Copying rule for the data below: pictures stay out, and only the lines from the one with "Seltene schwedische moderne" down to the one with "Diese Lampe ist", inclusive, are repeated exactly.

= Records =
****************
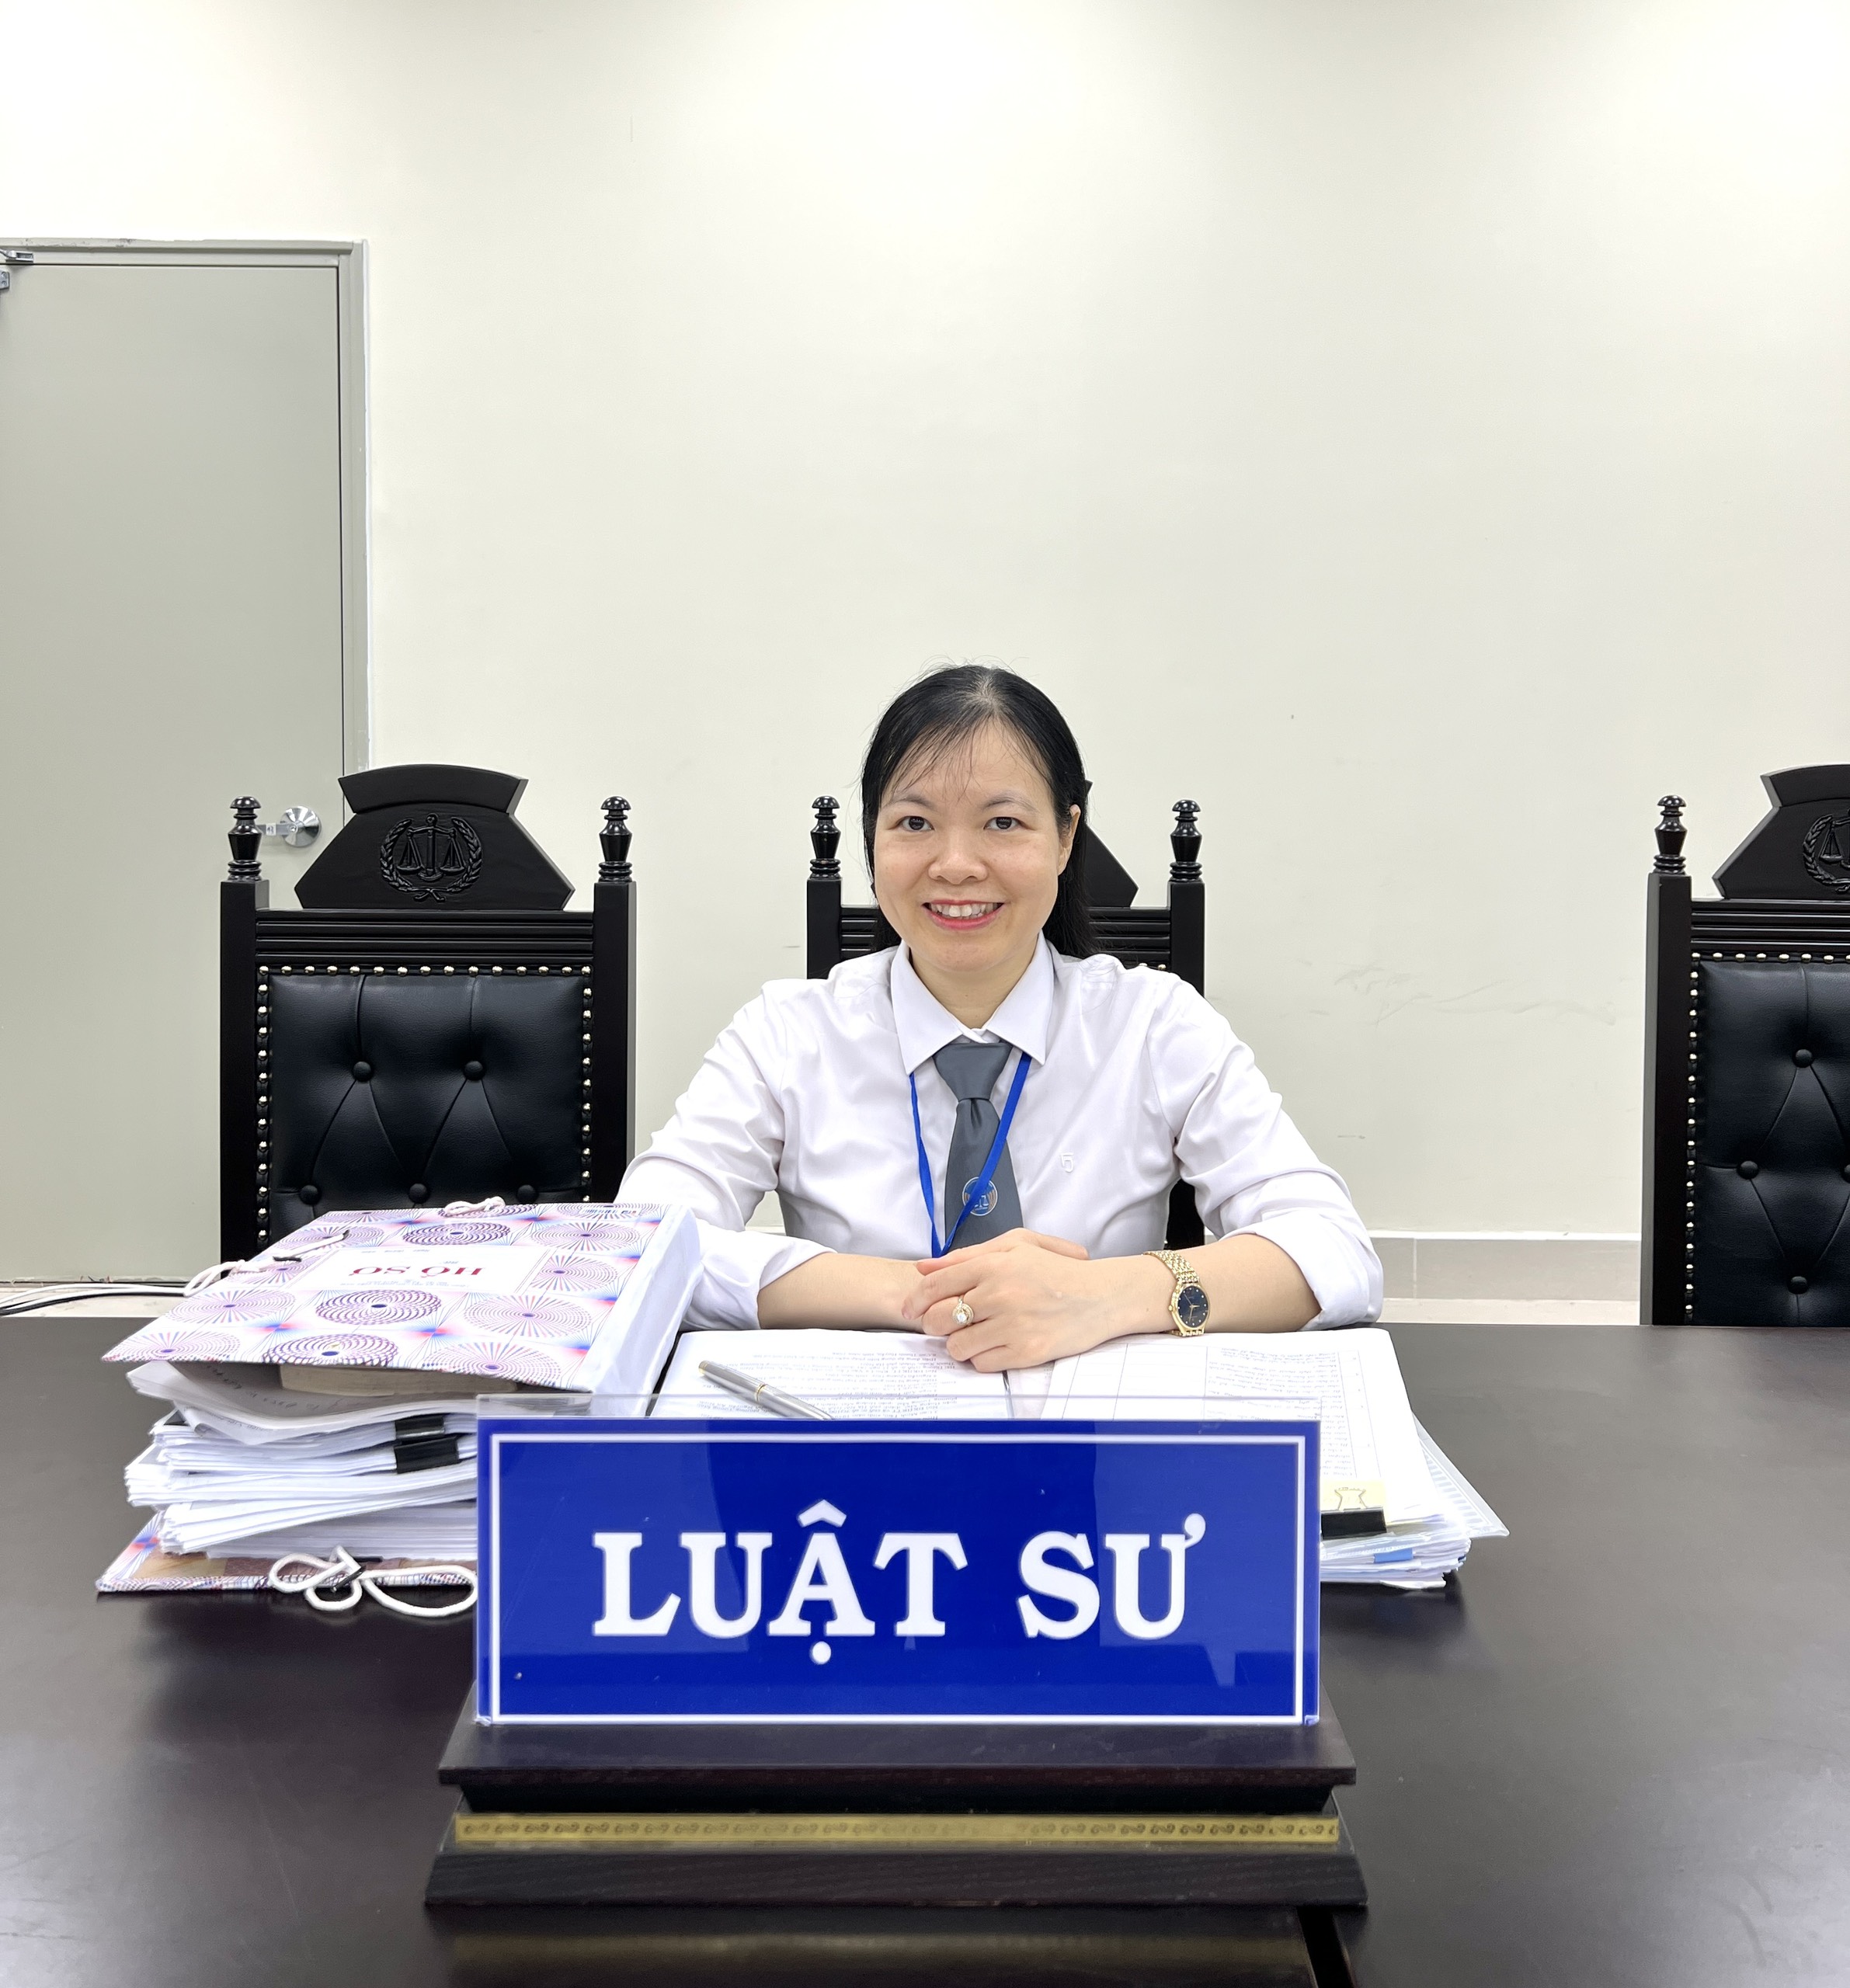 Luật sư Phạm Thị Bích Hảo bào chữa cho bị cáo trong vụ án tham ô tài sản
****************
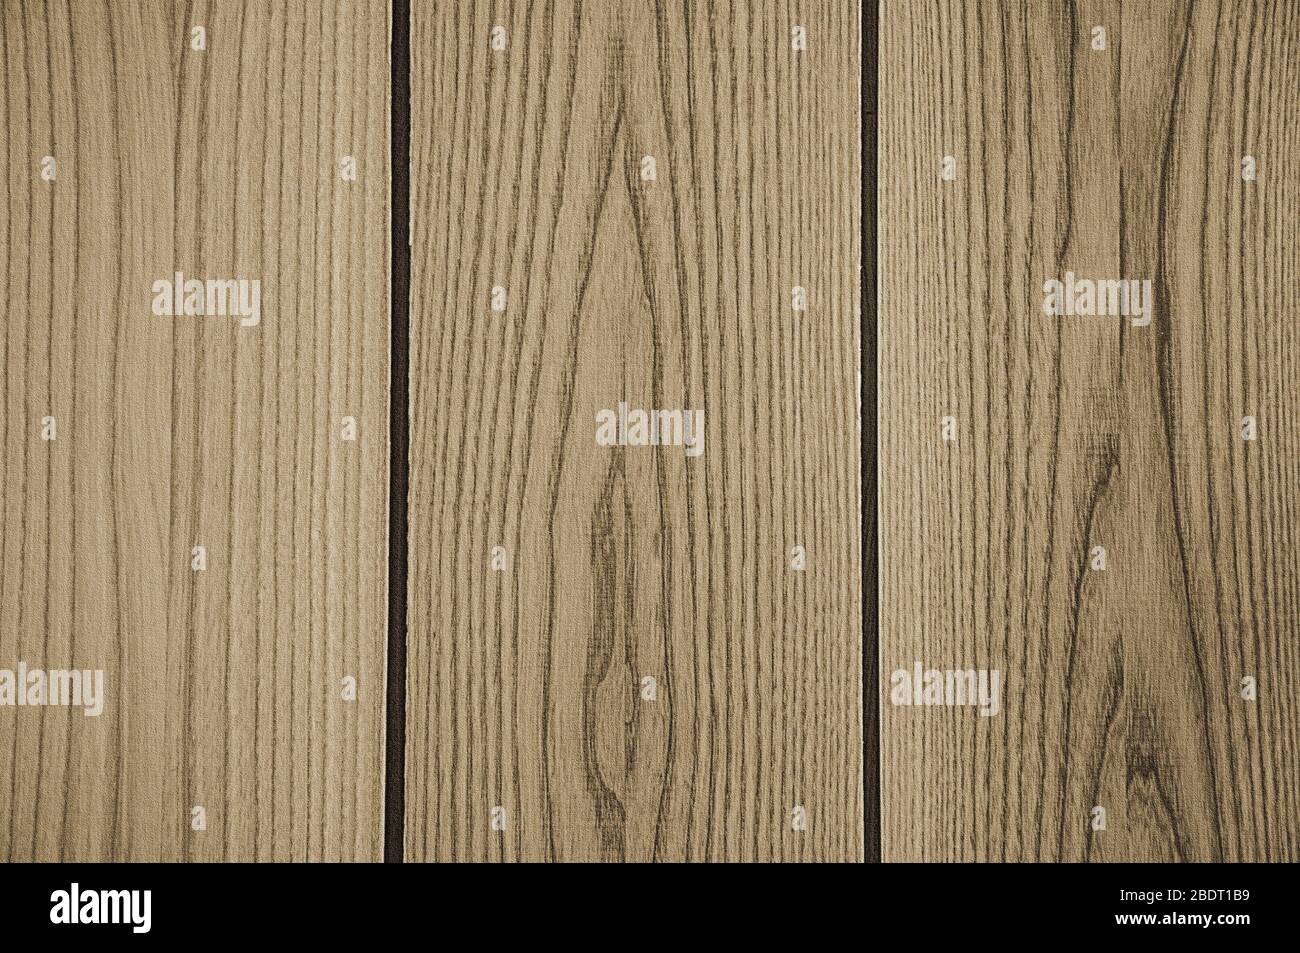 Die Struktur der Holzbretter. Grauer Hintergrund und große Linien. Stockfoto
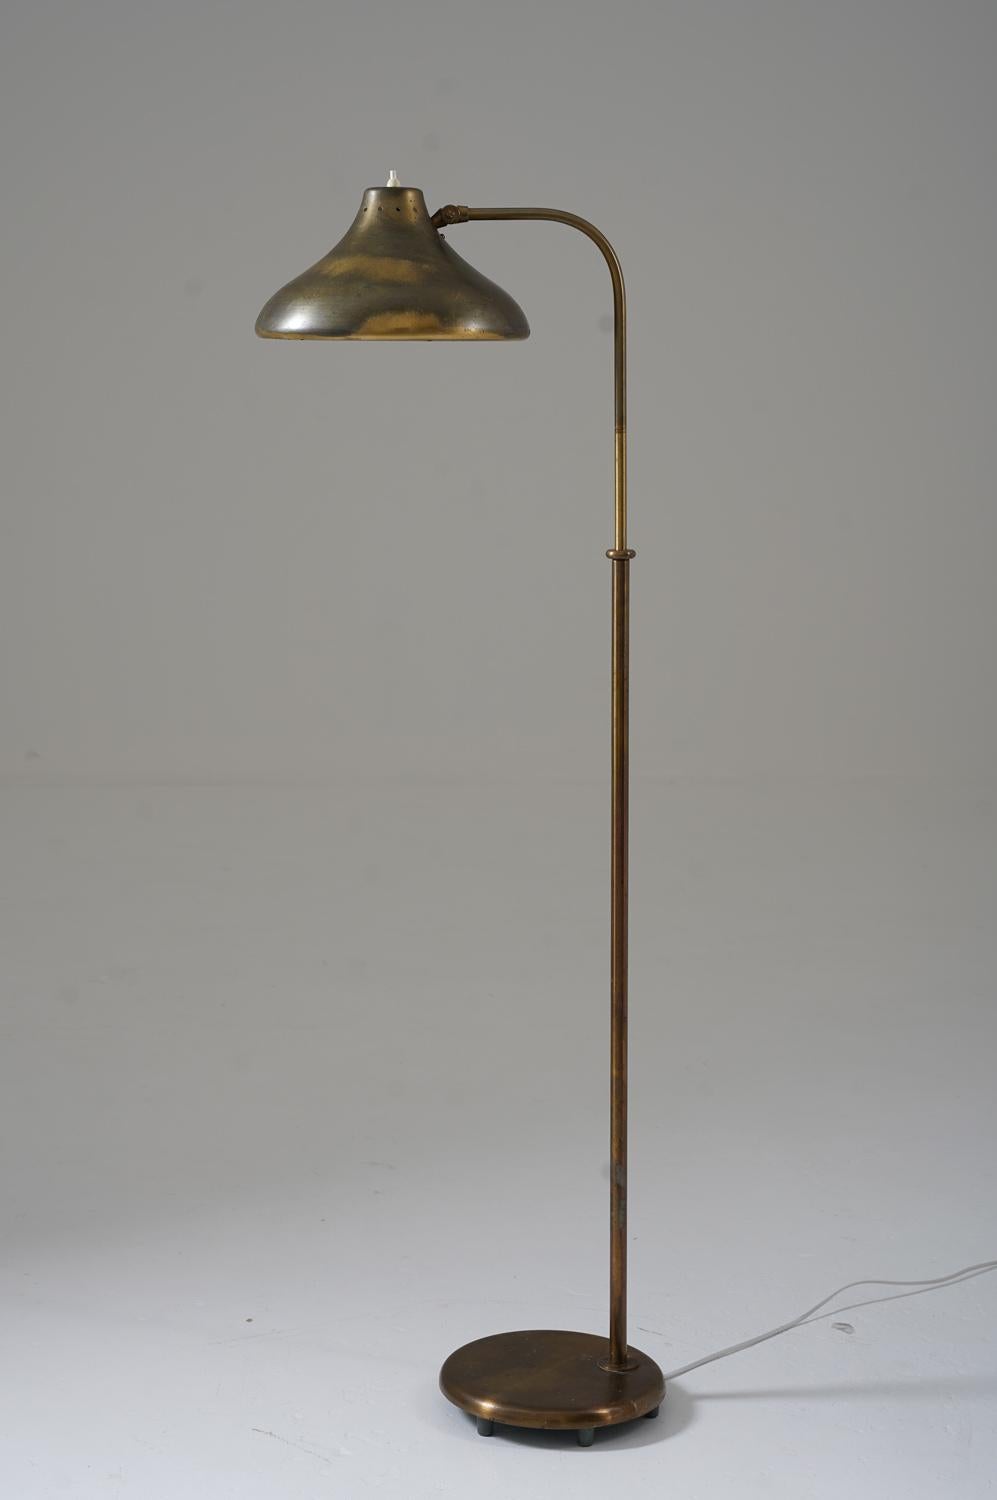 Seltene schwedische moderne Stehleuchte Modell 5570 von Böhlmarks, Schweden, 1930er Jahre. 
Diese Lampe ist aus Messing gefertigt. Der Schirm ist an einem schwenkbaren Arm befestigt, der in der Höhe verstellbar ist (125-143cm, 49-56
****************
= Answer area =
 Seltene schwedische moderne Stehleuchte Modell 5570 von Böhlmarks, Schweden, 1930er Jahre. 
Diese Lampe ist aus Messing gefertigt. Der Schirm ist an einem schwenkbaren Arm befestigt, der in der Höhe verstellbar ist (125-143cm, 49-56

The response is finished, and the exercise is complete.